Blog: Q&A with UCLA's new DC Chuck Bullough
Can Bruins defense bounce back after erratic 2008?
Can Bruins defense bounce back after erratic 2008?
On the Pac-10
Posted Apr 21, 2009

First-year UCLA defensive coordinator Chuck Bullough talks about succeeding DeWayne Walker, improved depth in the program and a trio of potential All-Americans.

As UCLA prepares for its spring game this Saturday night at the Rose Bowl, new defensive coordinator Chuck Bullough spoke with CFN following Monday's practice at Spaulding Field.

[on whether he feels pressure replacing former coordinator DeWayne Walker]
If you're thinking that way, you're in the wrong business. You got to go out and do the best you can do with the coaches you have. All you can worry about is the next day's practice, get better that next day.

[on any changes from Walker's approach]
Everybody has their own little tweaks, but it's still a very similar defense. We built this together but we've got a little more input from some of the coaches. A good coordinator listens to his coaches. You can't be a dictator because if they feel it's not their defense, they don't have ownership. Like I tell the players, you have to always have ownership in the team and the play. I trust and listen like Coach Walker used to listen to us.

[on whether coaches had to address conflict between the offense and defense last season]
No, because you have to be a team. It can't be offense, defense, special teams. As soon as you start separating, it's over. If you start saying it's the offense's or defense's (fault), you're finished.

[on having three potential All-American upperclassmen - tackle Brian Price, linebacker Reggie Carter and corner Alterraun Verner - to build around]
You've got a good solid older group, now we have some younger guys stepping into leadership roles. It looks like a team, high-fiving, having fun together and all that. It's always working itself out.

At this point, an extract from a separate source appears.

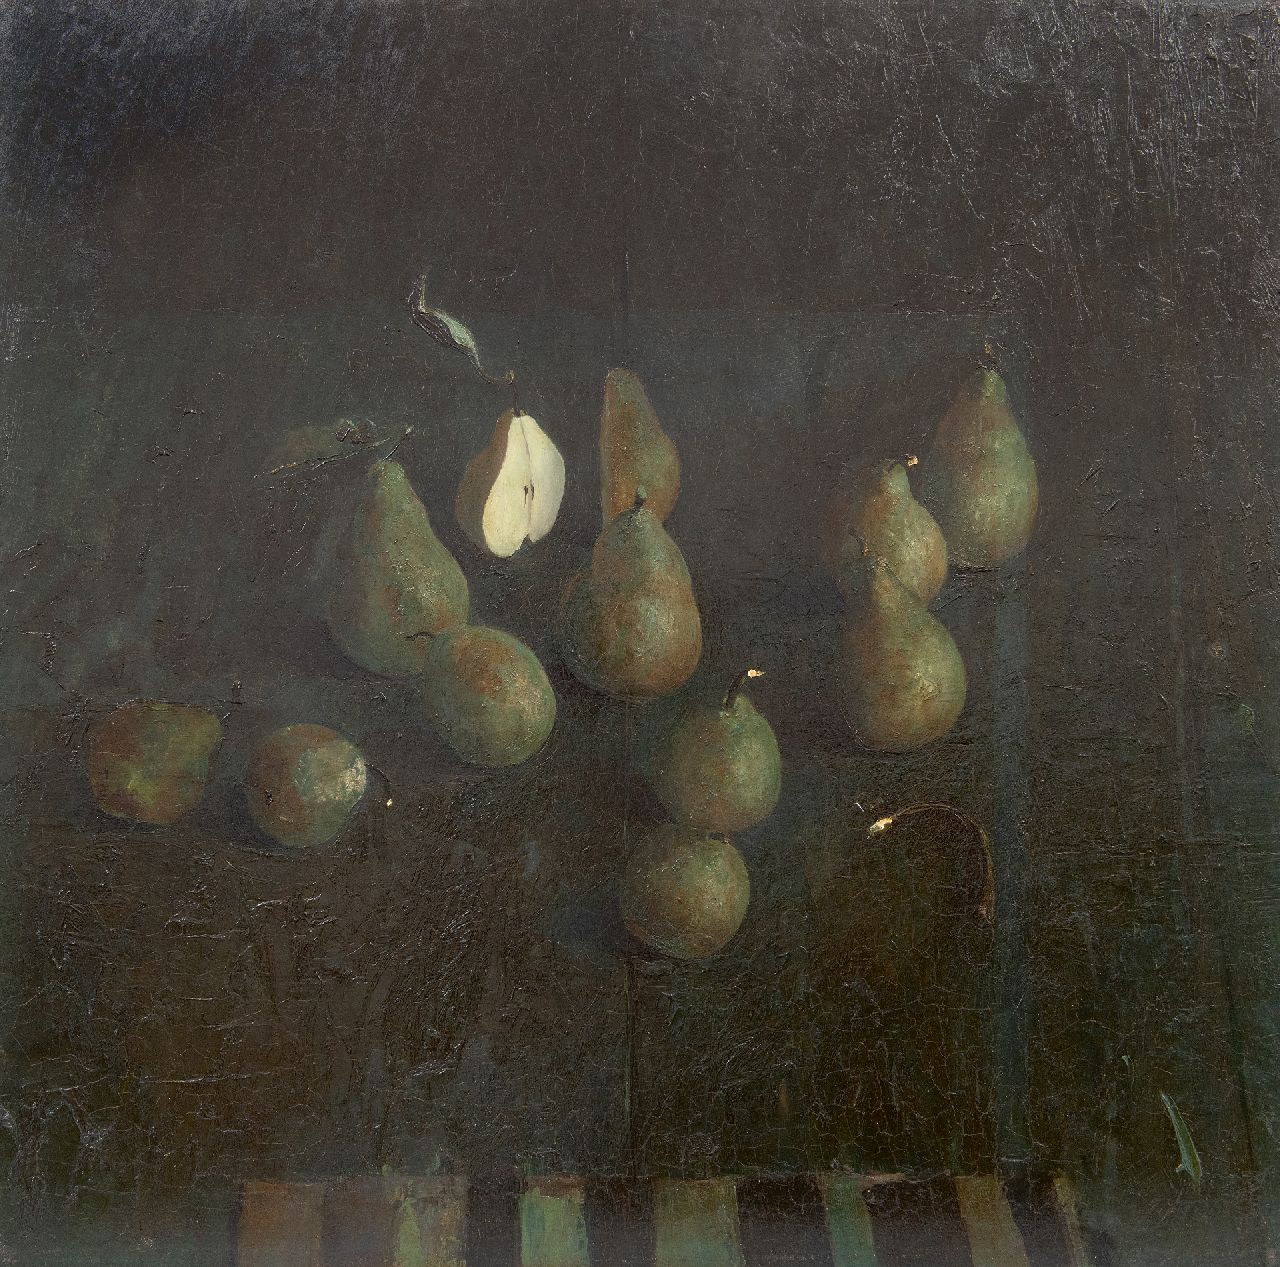 Kooi J. van der | Jan van der Kooi | Schilderijen te koop aangeboden | Peren, olieverf op board 59,5 x 60,0 cm, gesigneerd middenonder en gedateerd 1985
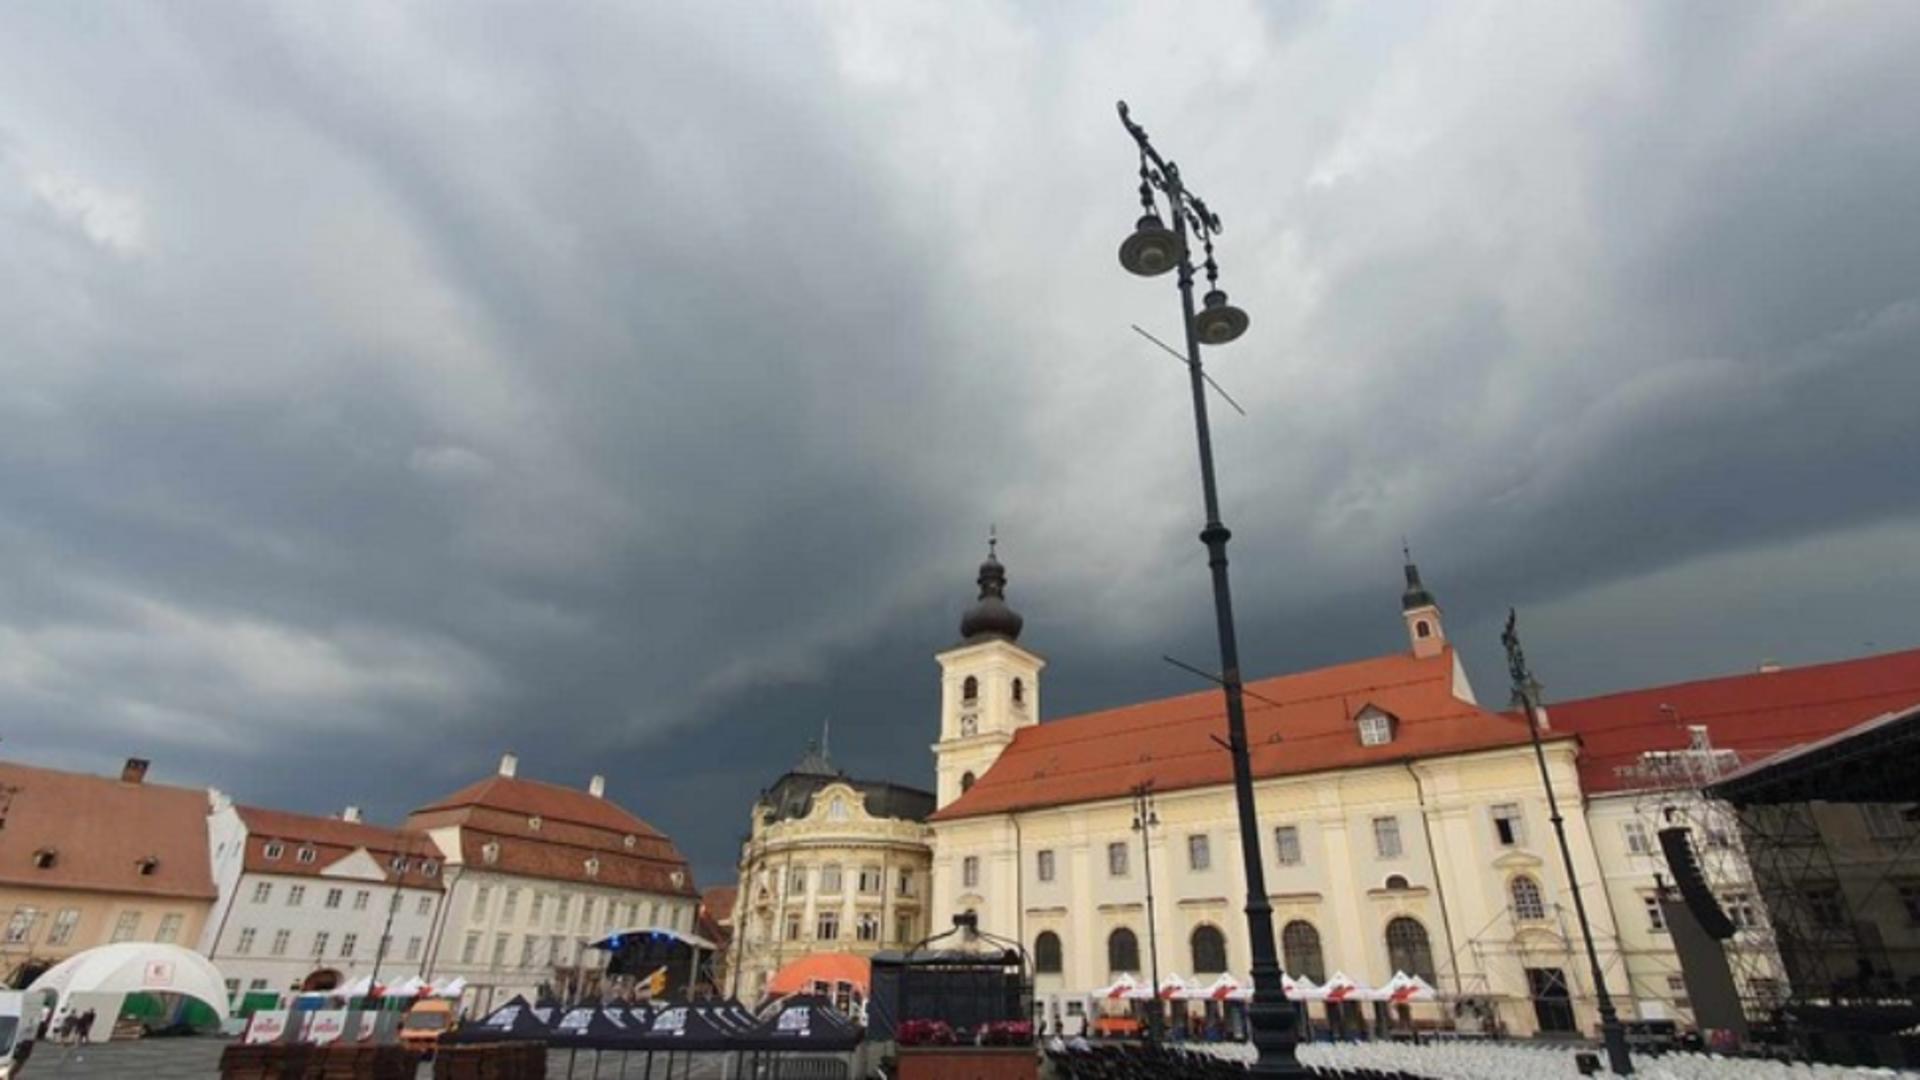 Matiz luat de vânt de pe o stradă din Sibiu, după o furtună puternică. Incredibil unde a ajuns mașina! – FOTO

[on using Price at defensive end]
Price is a force. He can play any position he wants. Sometimes you put a big bull tackle on an offensive tackle, they are not used to it. It's a different animal and it can get them flustered a bit.

[on the impact redshirt freshmen like safety E.J. Woods and linebacker Patrick Larimore can have this season]
That is a question that remains to be seen. Eleven practices is enough to get a little glimpse, but it's not enough to hang your hat on. You got all kind of guys where this has been the groundbreaking, now you have to see how they come back in the fall. You'll see flashes, but can they do it every play?